• **PROMPT**
The reply must repeat the listing below exactly and carry none of its pictures.

• **INPUT DATA**

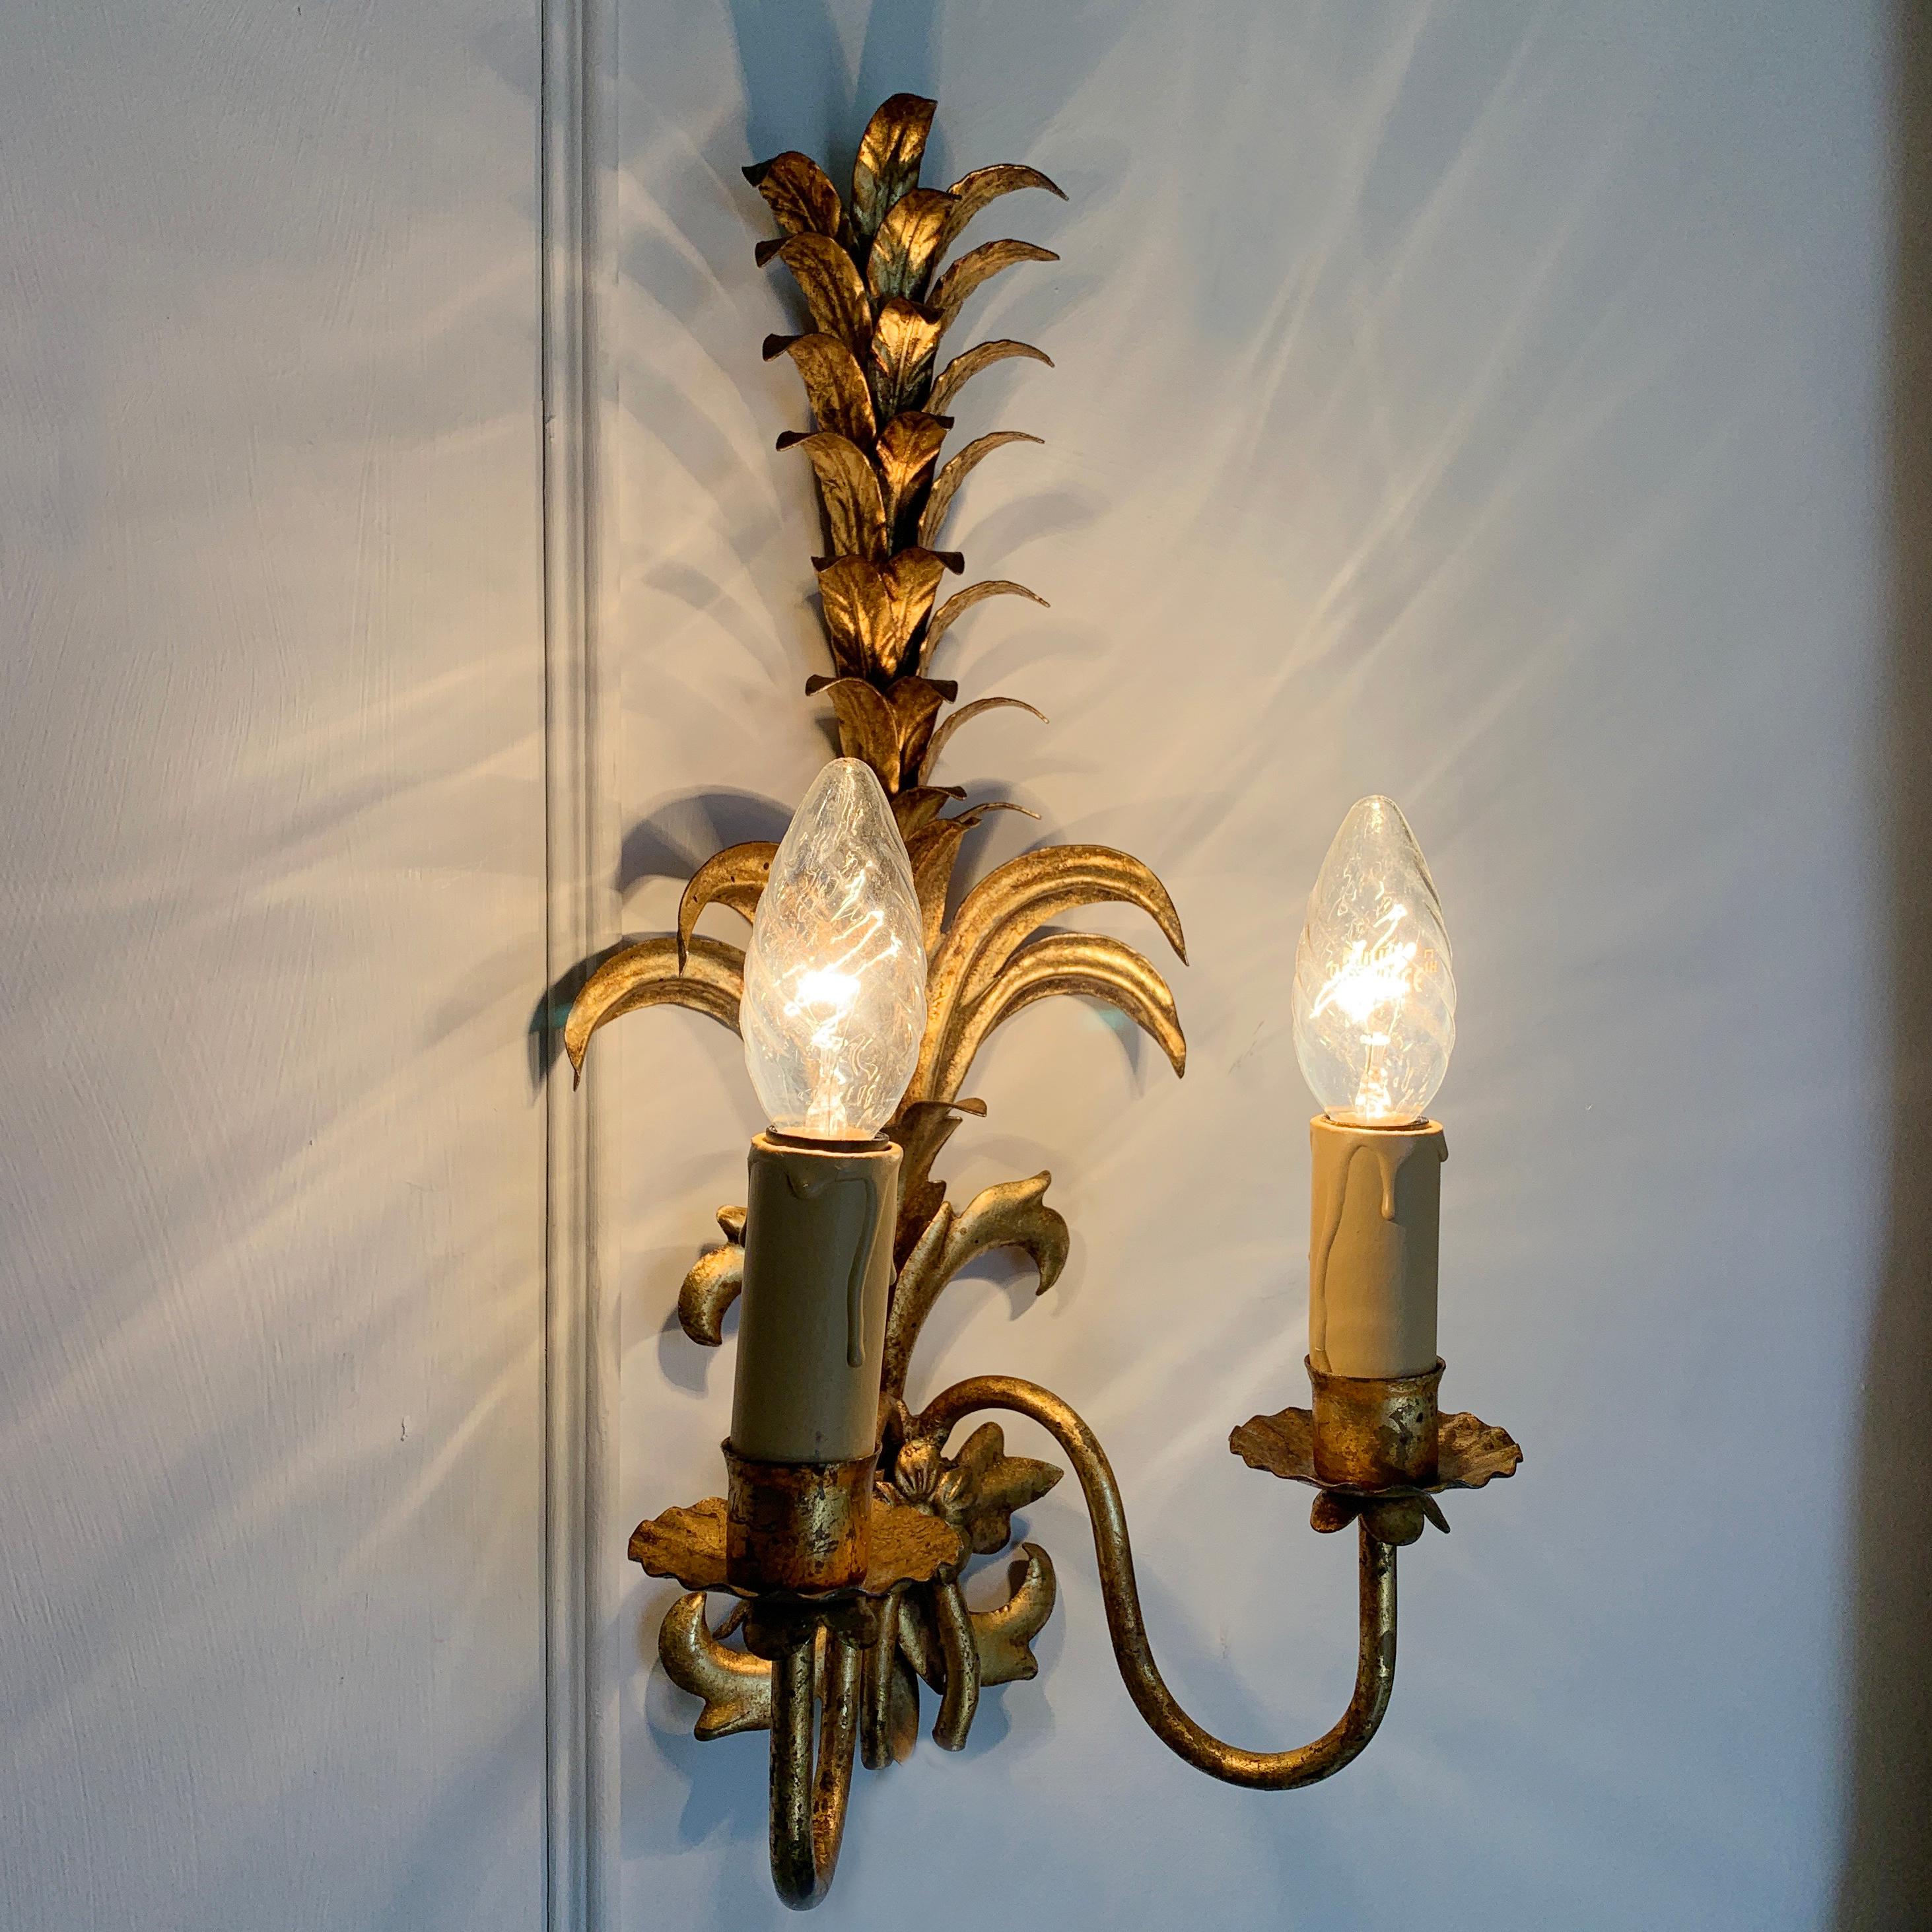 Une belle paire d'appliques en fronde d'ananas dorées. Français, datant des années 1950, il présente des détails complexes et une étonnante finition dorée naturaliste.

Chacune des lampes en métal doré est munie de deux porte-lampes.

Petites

• **ANSWER BOX**
 Une belle paire d'appliques en fronde d'ananas dorées. Français, datant des années 1950, il présente des détails complexes et une étonnante finition dorée naturaliste.

Chacune des lampes en métal doré est munie de deux porte-lampes.

Petites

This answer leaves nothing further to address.